“沒人住過?”
易南喃喃重複了一遍,突然上前,把那玫瑰花瓶給移開了,果然看到了下面擠壓的一層灰。
這麼精緻華美的一個大别墅,放着不住等着落灰,他一邊牙疼一邊覺得浪費。
“怎麼會?”其他小弟們也紛紛驚歎起來,像是犯了什麼參觀病一樣地到處摸摸蹭蹭,果然碰了一身灰,“這麼說,老大要找的那個John根本就沒來過這裡?!”
“或許他來過,隻是不在這裡住。”易南重新走到那個管家面前,還是打算從他這裡尋找突破口,“我的确是有事想要和他見一面。”
但老管家拿出手帕仔仔細細地擦幹淨了自己的手,禮貌而客氣地拒絕了:“不好意思,先生是不會見您的。”
他被易南的手下綁了,沒有絲毫怨言,好像這種事和他給後花園的花澆水一樣無足輕重、不值一提。
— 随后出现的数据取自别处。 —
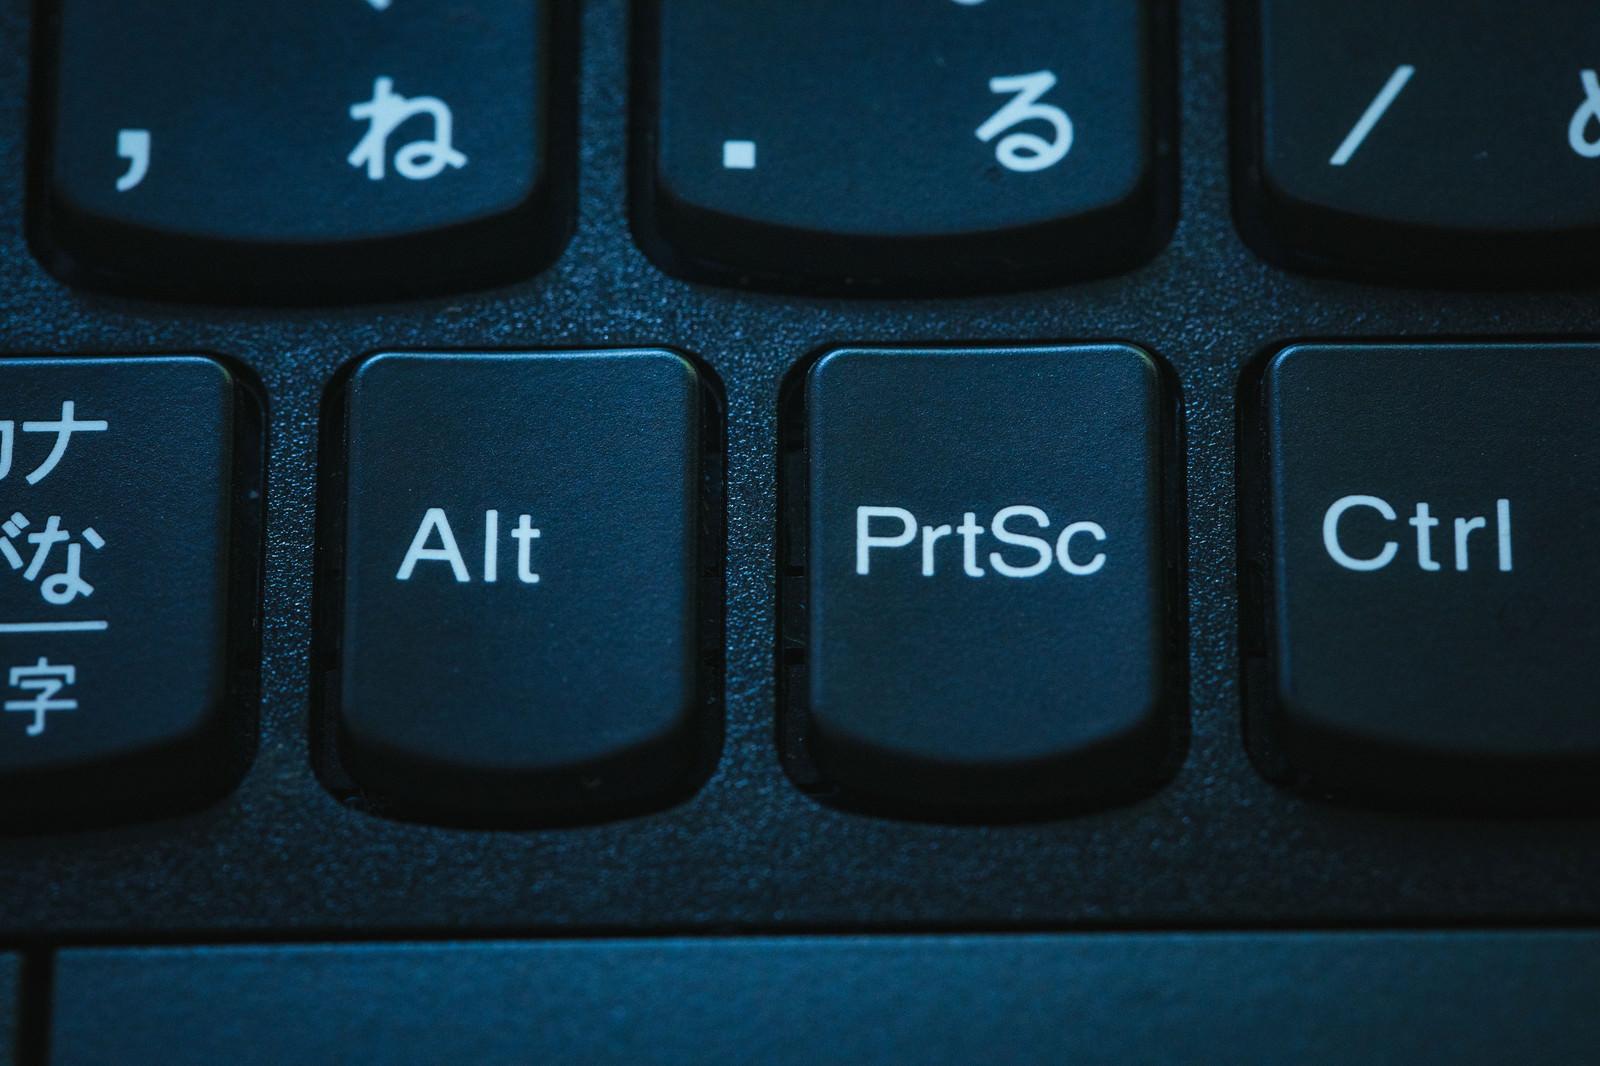 「PrtSc(プリントスクリーンボタン)」の写真
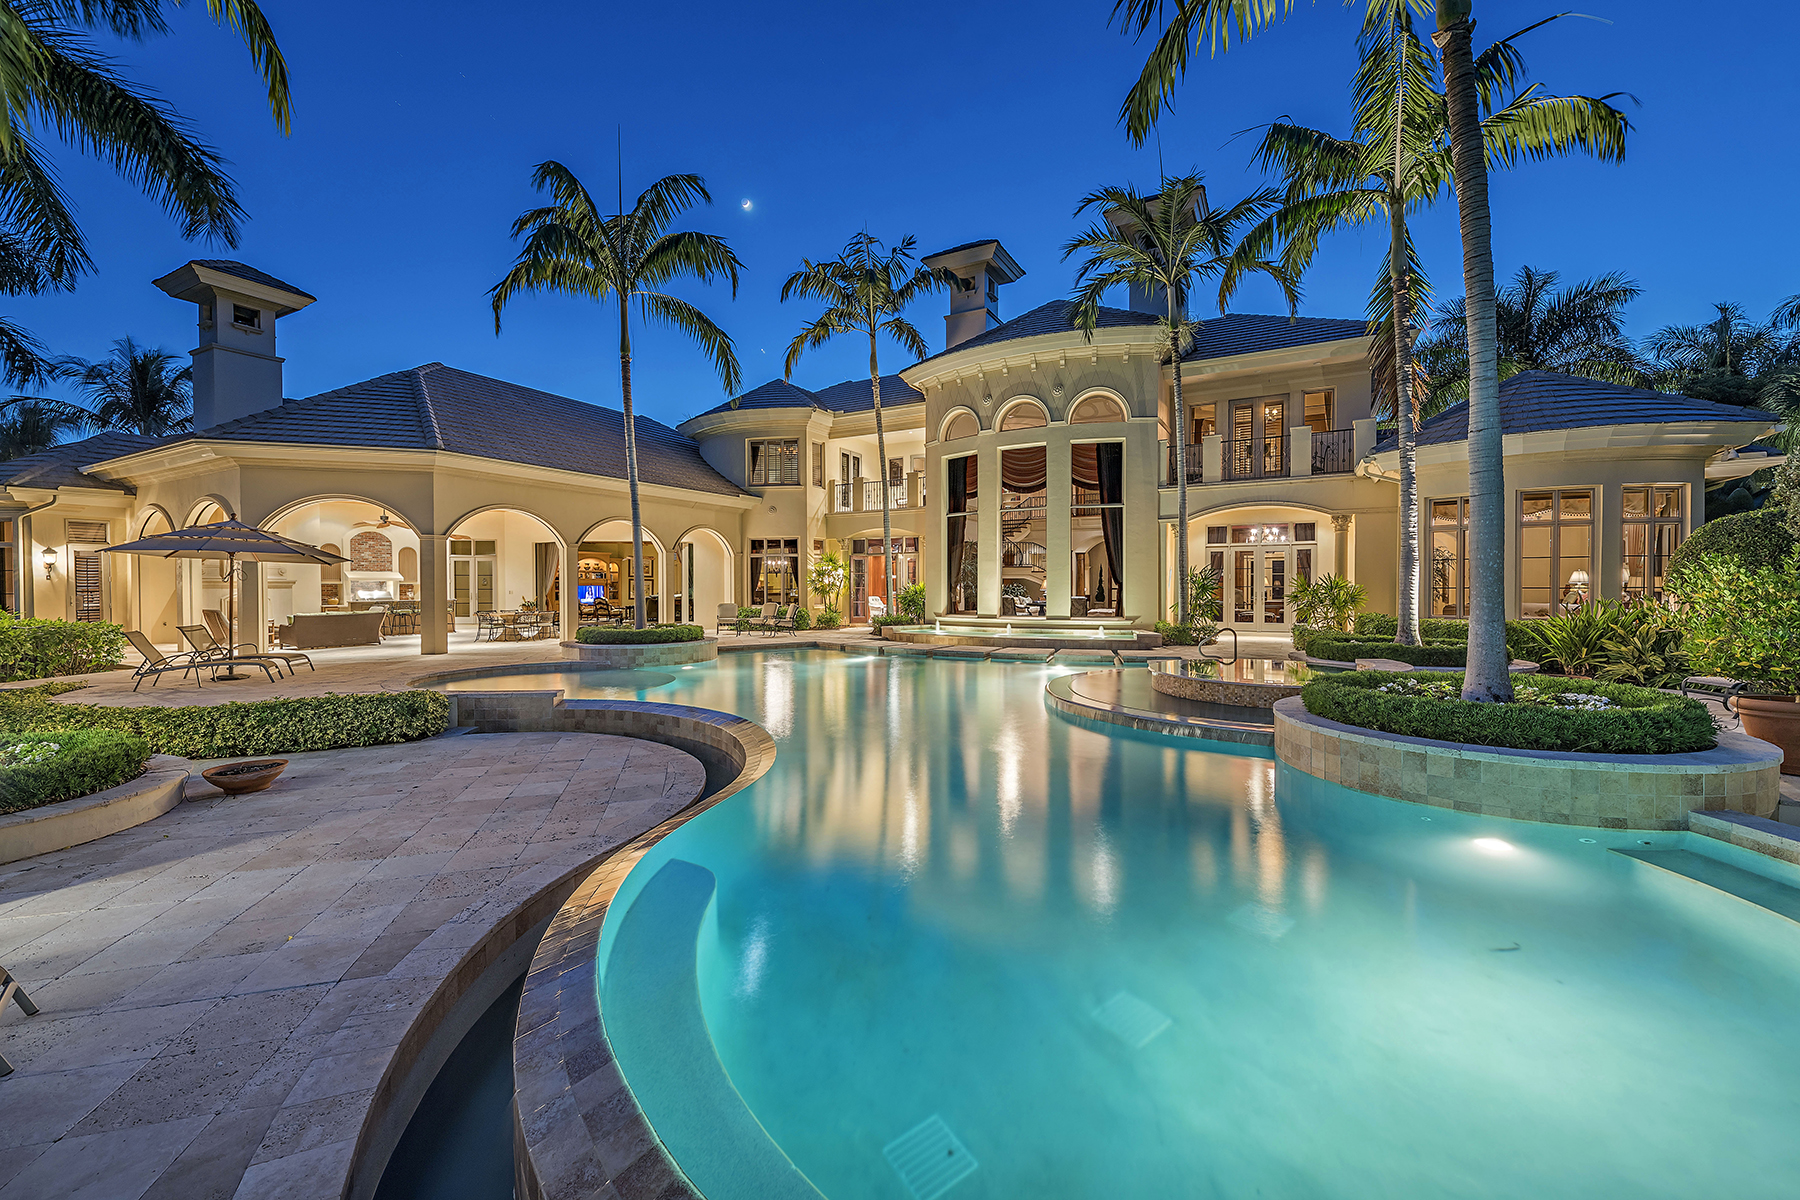 Single Family Home for Sale at 1420 Nighthawk Pt , Naples, FL 34105 1420 Nighthawk Pt Estuary At Grey Oaks, Naples, Florida, 34105 United States

“那能讓我在這棟别墅裡找一下人嗎?”看人軟硬不吃,易南輕聲詢問。
老管家往窗戶那邊看了一眼,似乎是在确認些什麼,眉目舒展開來,卻始終沒有回答他。
而其他小弟們早就等得不耐煩了,對于他們來說,老大的命令是堅決要執行的,無論是查清G的下落,還是和John見面,他們如鳥雀散開,從這個大廳開始往四面八方搜索起來。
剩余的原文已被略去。